3.6. Comparative analysis of eukaryotic TFB-like proteins
To identify TFB gene family protein members in other eukaryotic genomes, I used reiterative PSI-BLAST to search various AtTFB protein sequence against selected eukaryotic genome databases. PHI-Blast was also performed on various proteins containing zinc ribbon and/or cyclin domains using a simple AtTFB zinc ribbon regular expression. Potential TFB-like protein matches were independently searched by HHpred against the A. thaliana genome database to determine if they were homologous to any of the AtTFB family proteins. Each TFB-like proteins identified among the various eukaryotic genome contained zinc ribbon and cyclin domain sequence signatures. Names for each of the TFB proteins were assigned based on the HHpred and phylogenetic analysis. Using this approach, a total of 19 different eukaryotic genomes were analyzed that include several metazoan species, fungi, algae, and plant species. In general, I expected to find that each eukaryotic genome contained at least one TFIIB-, Brf-, and Rrn7/TAF1B/MEE12-like protein. The total number of TFB-like proteins identified is summarized in Table 1. Among the 101 different TFB-like proteins detected, three or more TFB-like proteins were found in each of the genomes searched with the exception of the nucleomorph genomes of the red algae Cryptophytes Hemi andersenii and Guillardia theta. Only two TFB-like proteins orthologous to TFIIB and Brf1 were detected in the nucleomorph genomes, and lacked an Rrn7/TAF1B/MEE12-like protein. Given the compact nature of nucleomorph genomes in red algae and their unique biology, the Rrn7/TAF1B/MEE12-like gene may have been lost62-64.
To examine the phylogenetic relationship among the eukaryotic TFB protein family members, I generated a phylogenetic tree from TFB protein sequence alignments using the Jones-Taylor-Thornton (JTT) amino acid replacement method65,66 The phylogenetic tree divided the TFB proteins into five distinct subfamilies where each member of the same subfamily clustered together (Fig.4). In addition to the three expected clades that include TFIIB, Rrn7/TAF1B/MEE12, and Brf, two additional clades were formed that represent the Brp1-like and Brp5-like proteins only found in plant and algae species. Alternate matrices such as LG67 and Dayhoff 68 resulted in genetic trees with similar branching and overall topologies (Fig.S2).
A model that describes a hypothetical evolutionary history of the five major TFB protein subfamilies is depicted in Figure 5. Both the Brp1 and Brp5 subfamilies are specific to algae and plants, but Brp1 subfamily is not found in any of the green algae genomes examined in this study.
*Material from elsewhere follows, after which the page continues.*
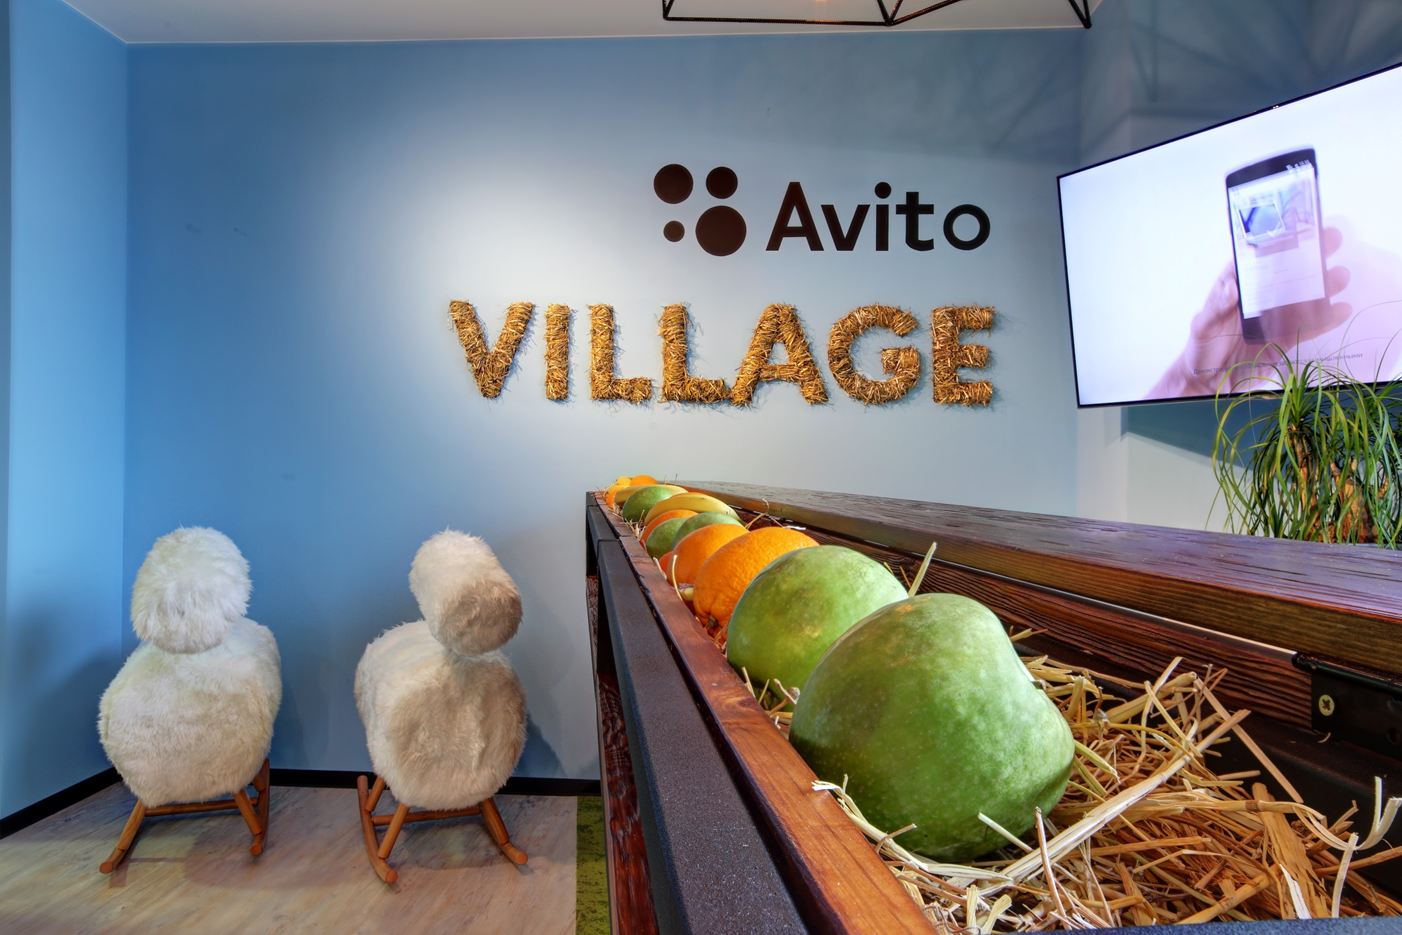 Avito.ru Office in Moscow, Russia by Meandre

The Brp1 subfamily first emerges in red algae, but then is missing in green algae and Bryophyte mosses. It is not clear why members of the Brp1 subfamily would be missing in these species, but the Brp1 subfamily clearly reemerges in the genomes of Lycophyte mosses and higher plants. The Brp5 subfamily has a more simple evolutionary history were it first emerges in green algae and is continuously found in mosses and higher plant species. Finally, there is also a clear expansion in the number of TFB proteins beginning with lycophtyes and continuing with the higher plant species.
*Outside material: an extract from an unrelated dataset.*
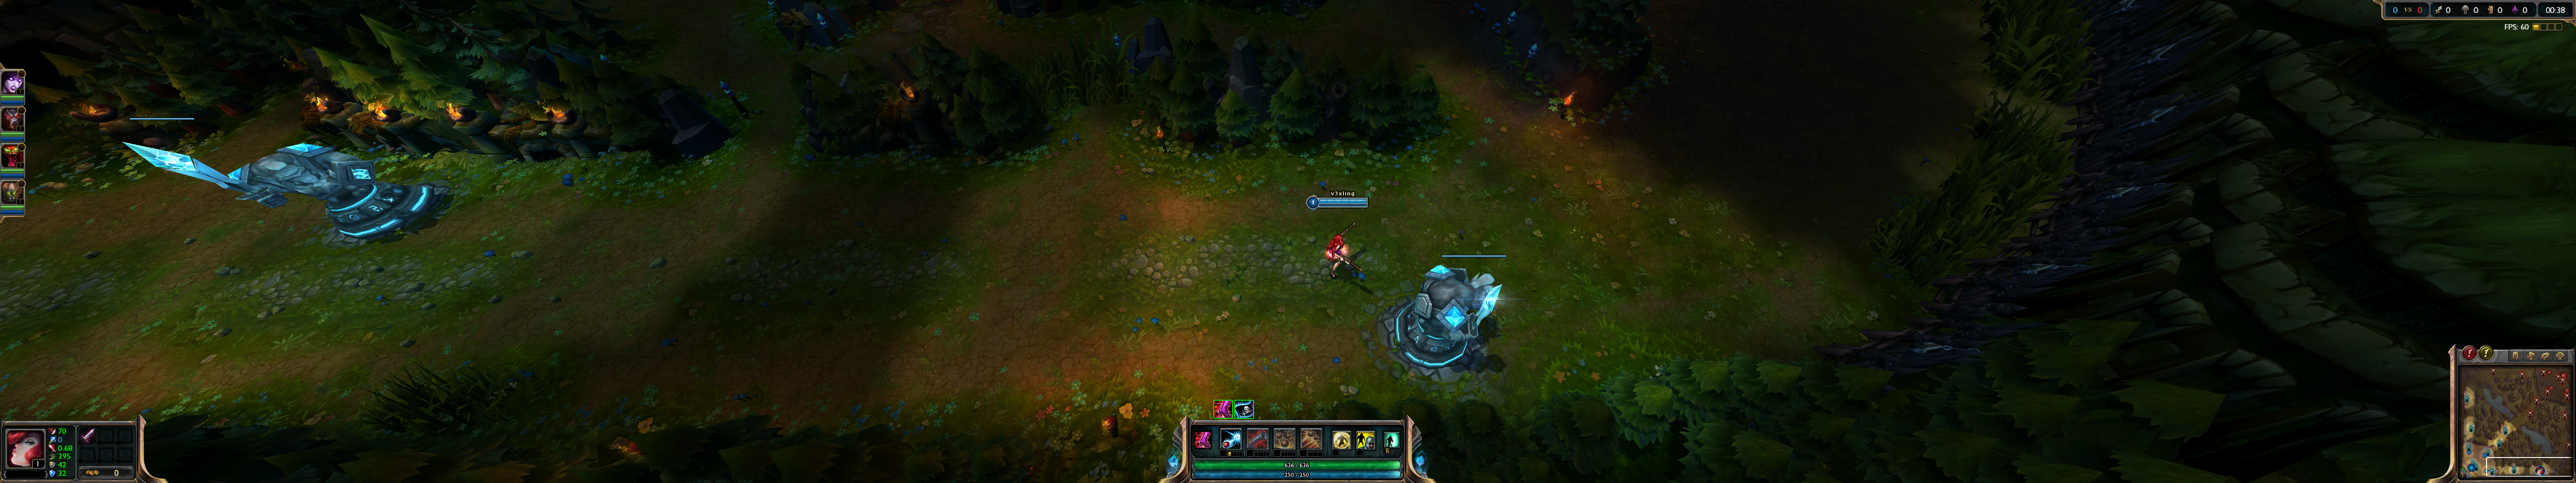 Screenshot from Leauge of Legends on 3 screens before the fix

3.7. Expansion of A. thaliana GTF genes
To determine the extent of GTF expansion in plants, I searched the A. thaliana genome for other plant GTF homologs. Using a similar strategy as described for AtTFBs, I used HHpred to search 23 representative GTF family proteins among the three Pols against the A. thaliana genome database. The search results are summarized in Table 2. For most plant GTFs, multiple copies were detected, indicating that GTF expansion is system-wide and possibly pair up in unique combinations to control transcription. For a few GTFs, it was difficult to identify the most direct ortholog since the proteins contained common repeated motifs that match with high probability to numerous proteins that are clearly not transcription factors. Besides these cases, multiple copies of GTFs were detected for more than half of the GTFs analyzed, clearly indicating GTF expansion is a general feature of A. thaliana and higher plants.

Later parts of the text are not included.